Home

>

Mindpix Blog

>

Free LLM's

A Quiet Earthquake in Beijing: Moonshot’s Kimi K2 Thinking Just Rewrote the Rules

Written by Denis Williams
Originally published: November 18, 2025
Updated: November 18, 2025
Views: 118
prev

BEIJING - It’s past midnight in the Haidian District again, and the engineers at Moonshot AI are still staring at leaderboards that no one expected to flip this fast. On Nov. 6, the Alibaba-backed startup dropped Kimi K2 Thinking, a one-trillion-parameter, open-source reasoning model trained for roughly $4.6 million. 

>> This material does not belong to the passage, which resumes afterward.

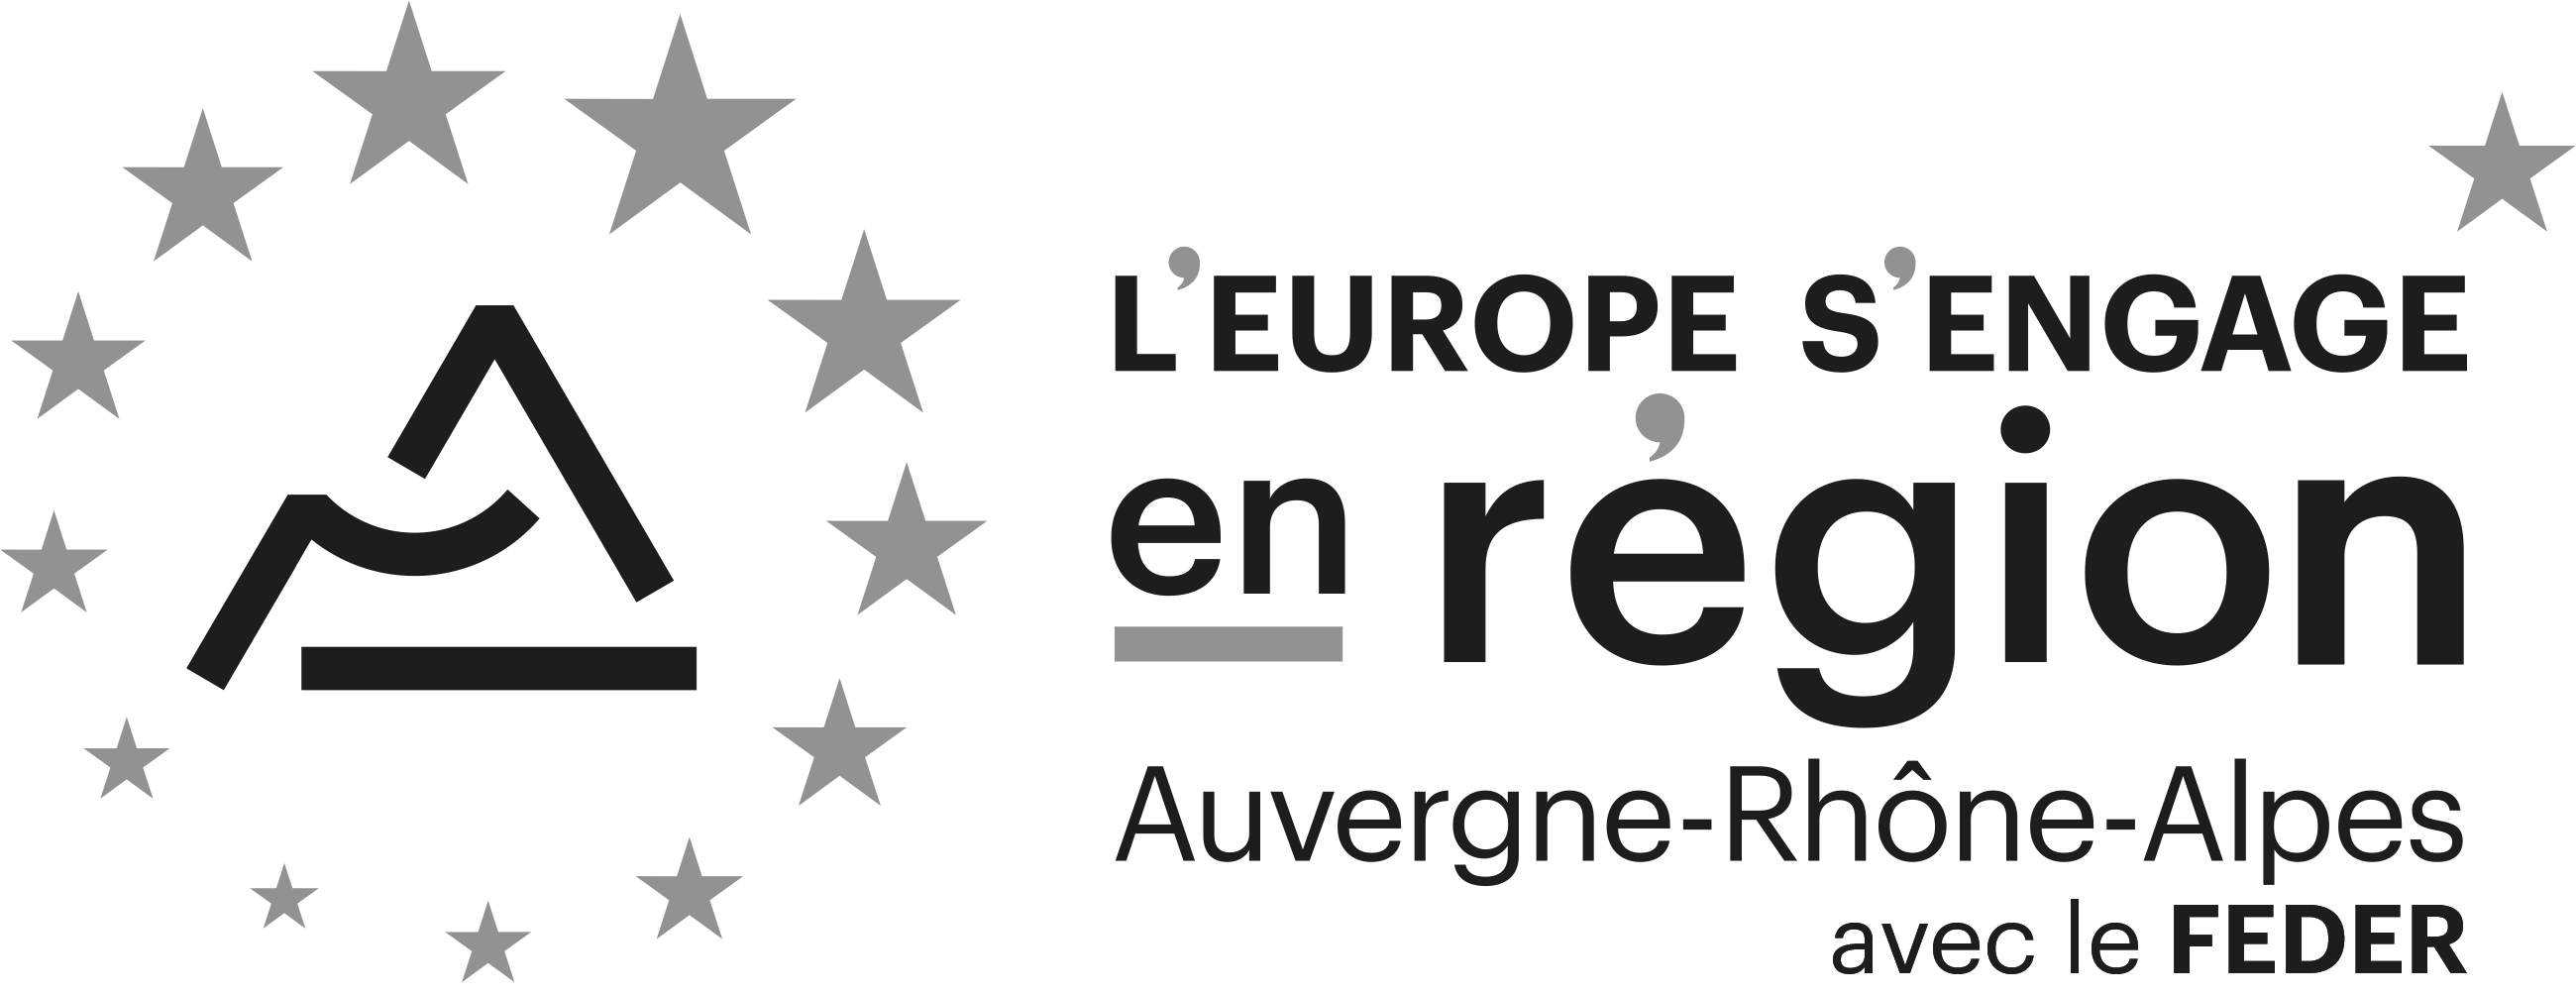 Logo_LEurope_sengage_FEDER_2017_Noir

That’s pocket change next to the billions burned by American labs. Yet the numbers are brutal: 44.9 percent on Humanity’s Last Exam (with tools), 60.2 percent on BrowseComp, 71.3 percent on SWE-Bench Verified - scores that leave GPT-5, Claude Sonnet 4.5 Thinking, and Grok-4 looking over their shoulders.


Beat GPT-5 with 1/1000 of compute. 

They openly shared that training cost only $4.6 million. Yet their model outperformed GPT-5, made by OpenAl (a trillion-dollar company).

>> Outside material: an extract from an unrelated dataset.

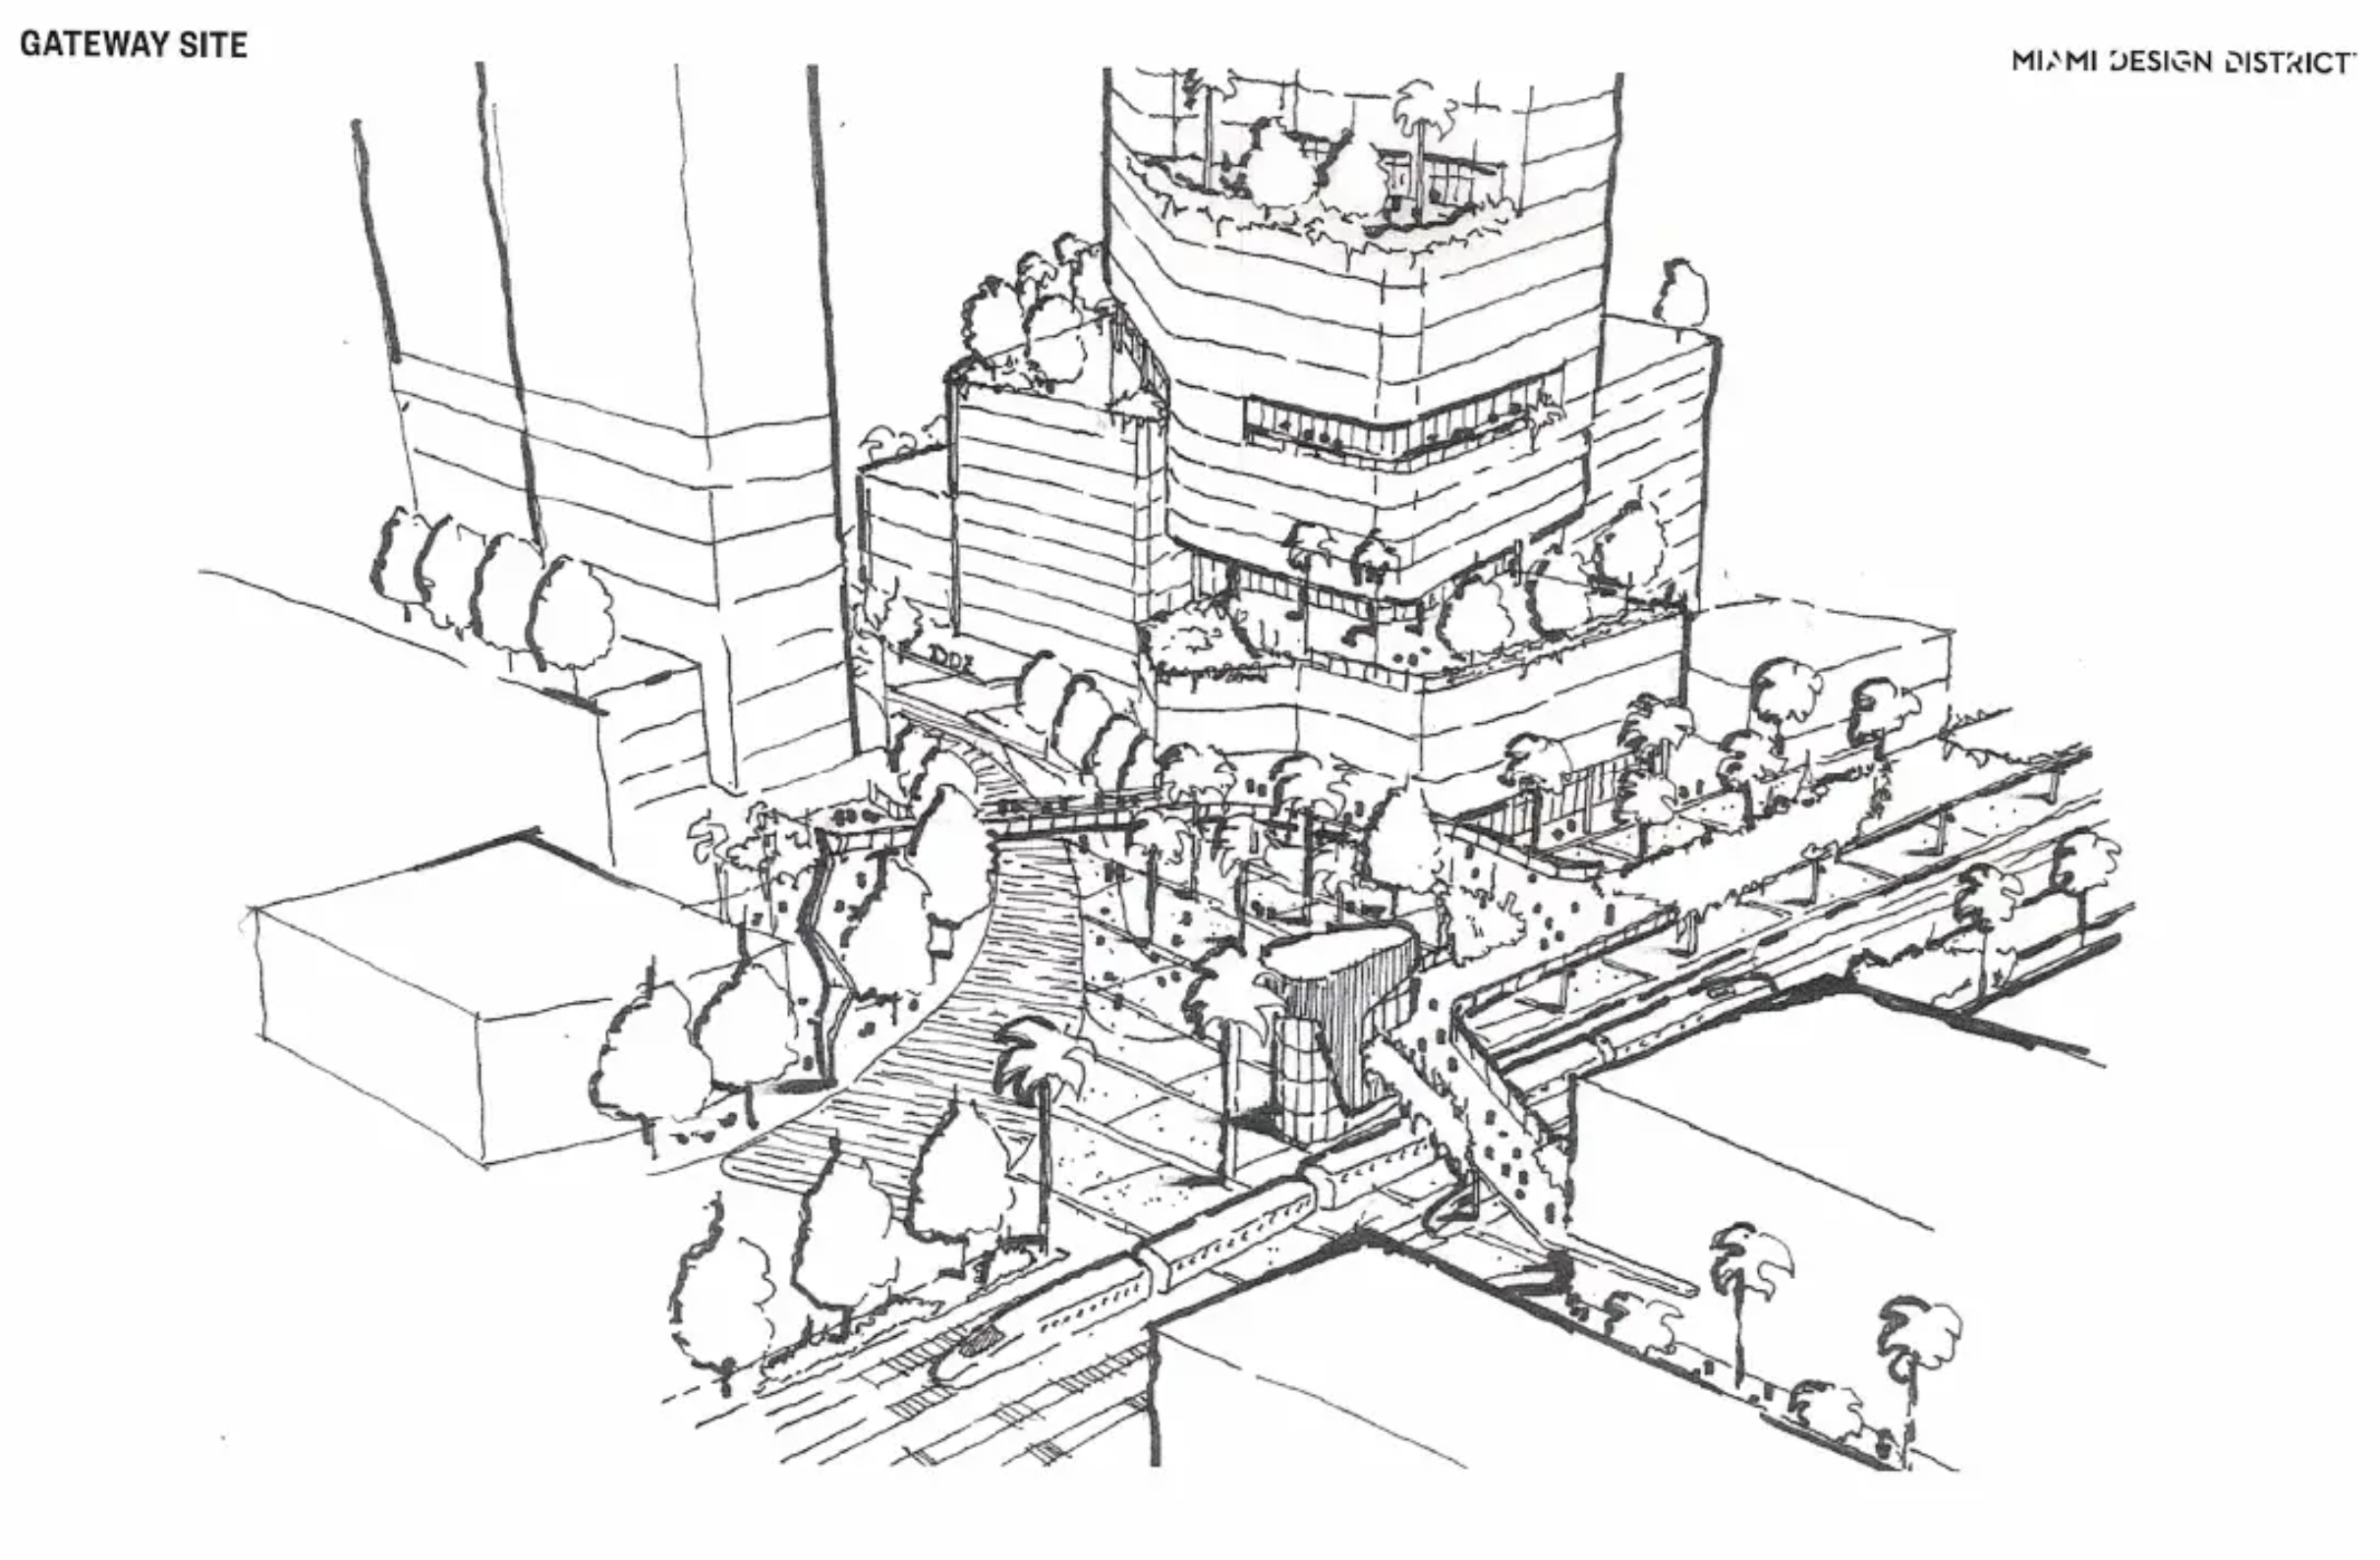 Conceptual Towers + Train Station. Courtesy of Miami Design District Associates.

Beat Grok-4 on HLE (Humanity's Last Exam)


Elon Musk said: This task was tough and important. Grok-4 led using a $5B, 200,000-GPU setup. But Kimi beat it in four months with just $1M only 1/5000 of Grok-4's scale.


The model isn’t just big. It thinks. Hard. It can chain 200 to 300 tool calls autonomously, chewing through multi-step research or debugging marathons without once asking for a human nudge. “We built it to reason like a tired graduate student at 4 a.m.,” one Moonshot researcher told me off the record, “but one who never makes arithmetic mistakes.” Early testers say the output feels eerily deliberate - long, visible thought chains, then crisp final answers. No fluff.

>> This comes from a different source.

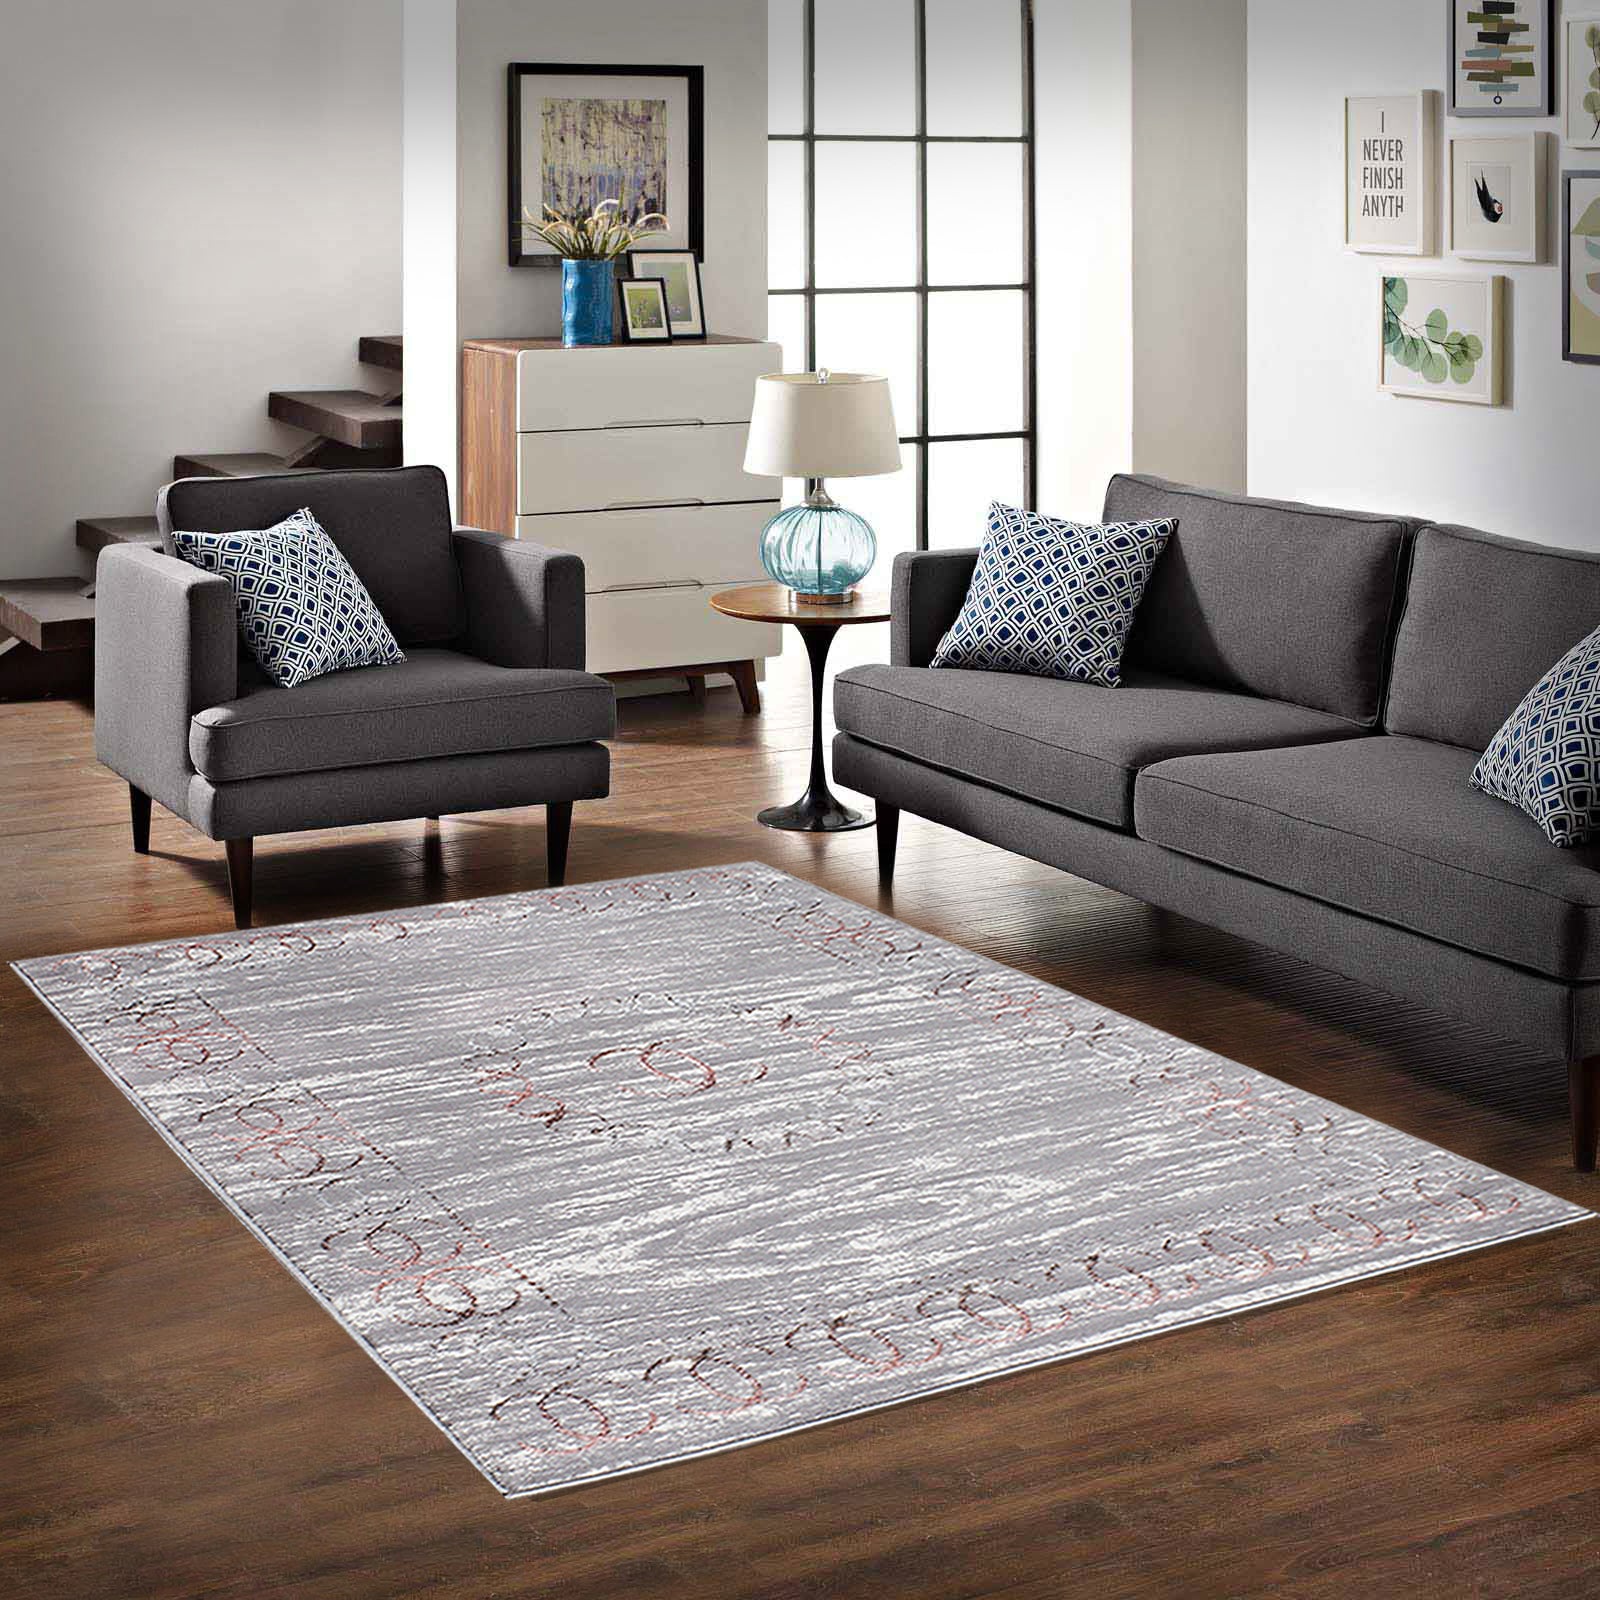 Bodrum Channel Carpet 1600mm X 2200mm - Grey

Where does it shine brightest? Coding and agentic tasks, hands down. On LiveCodeBench and SWE-Bench, it trades blows with the best proprietary coders on earth. Text generation is fluent and surprisingly natural, especially in Chinese-English bilingual work. But don’t ask it to paint you a picture or edit a TikTok - Kimi K2 Thinking remains text-only for now, no native image or video generation. Earlier Moonshot models flirted with multimodality; this one doubled down on pure reasoning muscle.


I remember similar late-night drops back in 2012, when a tiny Toronto team quietly open-sourced AlexNet and accidentally kicked off the deep-learning gold rush. History doesn’t repeat, but it rhymes.


The man behind the curtain is Yang Zhilin, 33, Tsinghua undergrad turned Carnegie Mellon Ph.D., co-author of Transformer-XL and XLNet - papers that helped birth the very architecture OpenAI later rode to fame.


Fun fact: Yang’s English nickname is Kimi, the chatbot’s namesake.

Another: the company is literally called “Dark Side of the Moon” in Chinese, a nod to his favorite Pink Floyd album (he launched the firm on the record’s 50th anniversary). Stubborn AGI purist, ex-Google Brain and Meta AI, now valued north of $3 billion and racing American giants with a fraction of the compute.


Thomas Wolf, Hugging Face’s science lead, summed it up on X: “Another DeepSeek moment? Or are we getting one every couple months now?”

The real question hanging in the humid Beijing air - the one keeping CEOs awake from San Francisco to Seattle - isn’t whether Kimi K2 Thinking is good. It’s how long the trillion-dollar labs can keep charging premium prices when a scrappy Chinese startup just matched them for less than the cost of a Hollywood blockbuster. And if the next leap comes in four months again, who’s ready for that pace?